Placenta Accreta Spectrum Disorders: How to reduce maternal transfusion? A center experience on extraperitoneal retrograde hysterectomy.

机构信息

Department of obstetrics and Gynecology, ASST Bergamo Est, Seriate (BG), Italy.

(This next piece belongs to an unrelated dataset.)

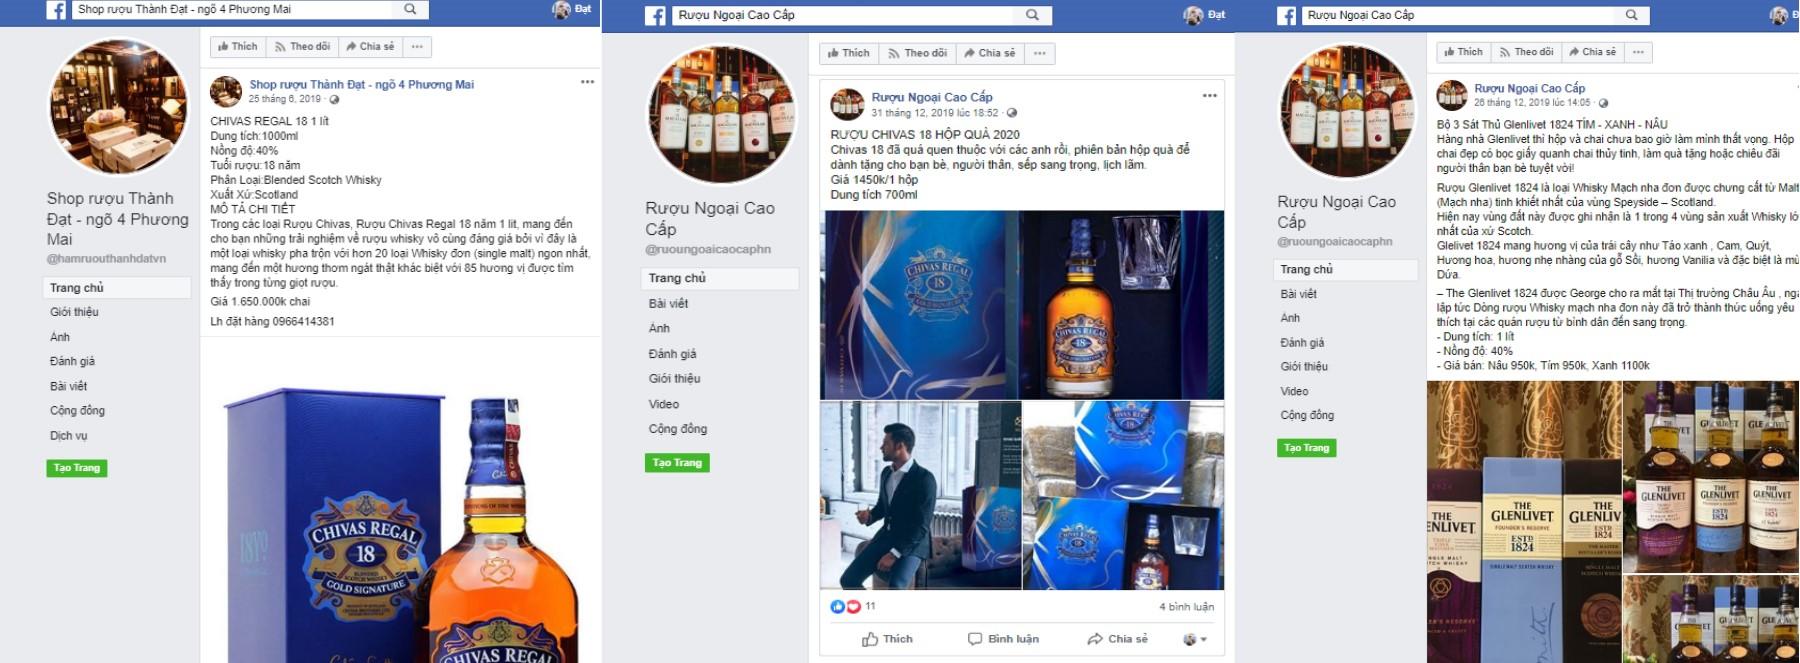 Loạn thị trường quảng cáo rượu trực tuyến ngày giáp Tết - Ảnh 4
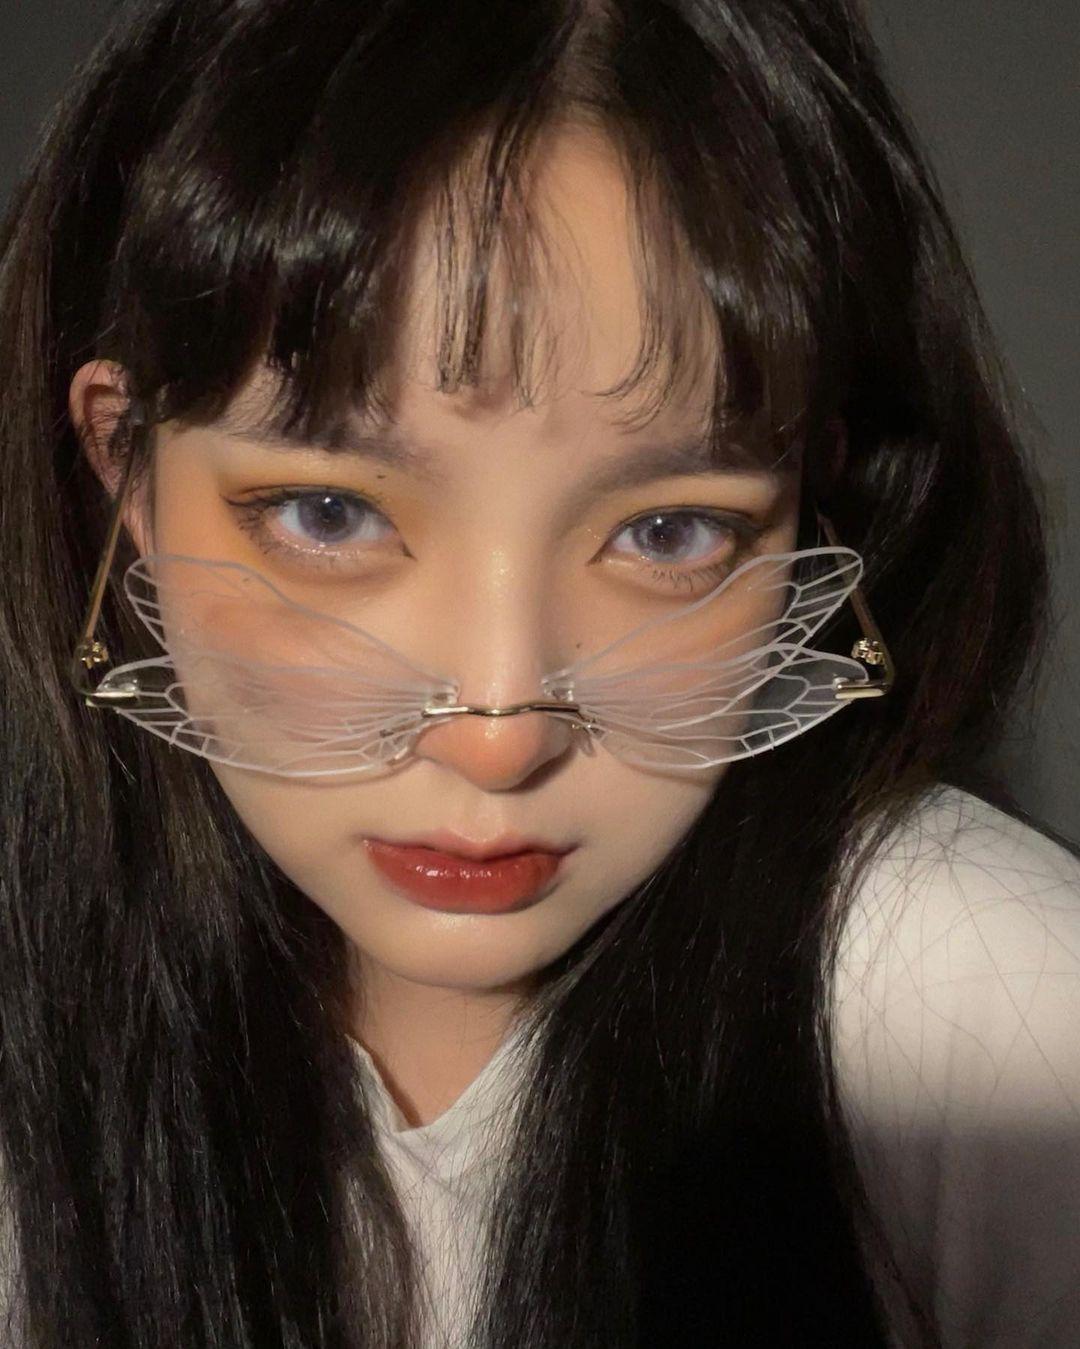 Nếu thấy các kiểu kính thông thường đã quá nhàm chán, sao bạn không thử nghiệm các dáng kính độc đáo hơn như mắt cánh bướm, mắt chuồn chuồn, kính không tròng... Xu hướng phụ kiện này giúp các cô gái có bức hình selfie chất lừ.

Department of obstetrics and Gynecology, ASST Bergamo Est, Seriate (BG), Italy.

出版信息

Eur J Obstet Gynecol Reprod Biol. 2023 Aug;287:148-154. doi: 10.1016/j.ejogrb.2023.06.012. Epub 2023 Jun 14.

Abstract

OBJECTIVE

Placenta Accreta Spectrum disorders (PASd) refer to the range of pathologic adherence of placenta associated with high maternal morbidity and mortality due to severe and sometimes life-threatening hemorrhage at the time of delivery. The aim of this study is to describe the surgical technique of extraperitoneal retrograde hysterectomy, which has allowed a reduction of blood transfusions compared to patients who underwent classical post-partum hysterectomy.

STUDY DESIGN

We collected data from twelve patients with antenatal diagnosis of PASd treated between 2018 and 2021 with an extra-peritoneal hysterectomy using a posterior retrograde approach and we compared them to patients who underwent classical hysterectomy for suspected PASd, treated between 2007 and 2017.

RESULTS

The classical hysterectomy group presented a higher frequency of blood and plasma transfusion compared to the extraperitoneal hysterectomy group. In particular, classical hysterectomy resulted in an independent risk factor for transfusion, with an increment of 6.6 times of risk.

CONCLUSION

Even if future studies are required, we think that extraperitoneal hysterectomy could be a safe option in case of PASd, considering that classical hysterectomy compared to this approach increases, in our population, the risk of blood and plasma transfusion.

摘要

目的

胎盘植入谱系疾病(PASd)是指胎盘与母体发病率和死亡率高相关的一系列病理性附着,由于分娩时严重且有时危及生命的出血,导致发病率和死亡率高。本研究旨在描述腹膜外逆行子宫切除术的手术技术,与行经典产后子宫切除术的患者相比,该技术可减少输血。

研究设计

我们收集了 2018 年至 2021 年间,12 例产前诊断为 PASd 的患者的资料,这些患者采用后向逆行腹膜外子宫切除术治疗,并与 2007 年至 2017 年间疑似 PASd 行经典子宫切除术治疗的患者进行比较。

结果

与腹膜外子宫切除术组相比,经典子宫切除术组的输血和血浆输血频率更高。特别是,经典子宫切除术是输血的独立危险因素,风险增加 6.6 倍。

结论

尽管需要进一步研究,但我们认为在 PASd 情况下,腹膜外子宫切除术可能是一种安全的选择,因为与该方法相比,在我们的人群中,经典子宫切除术增加了输血和血浆输血的风险。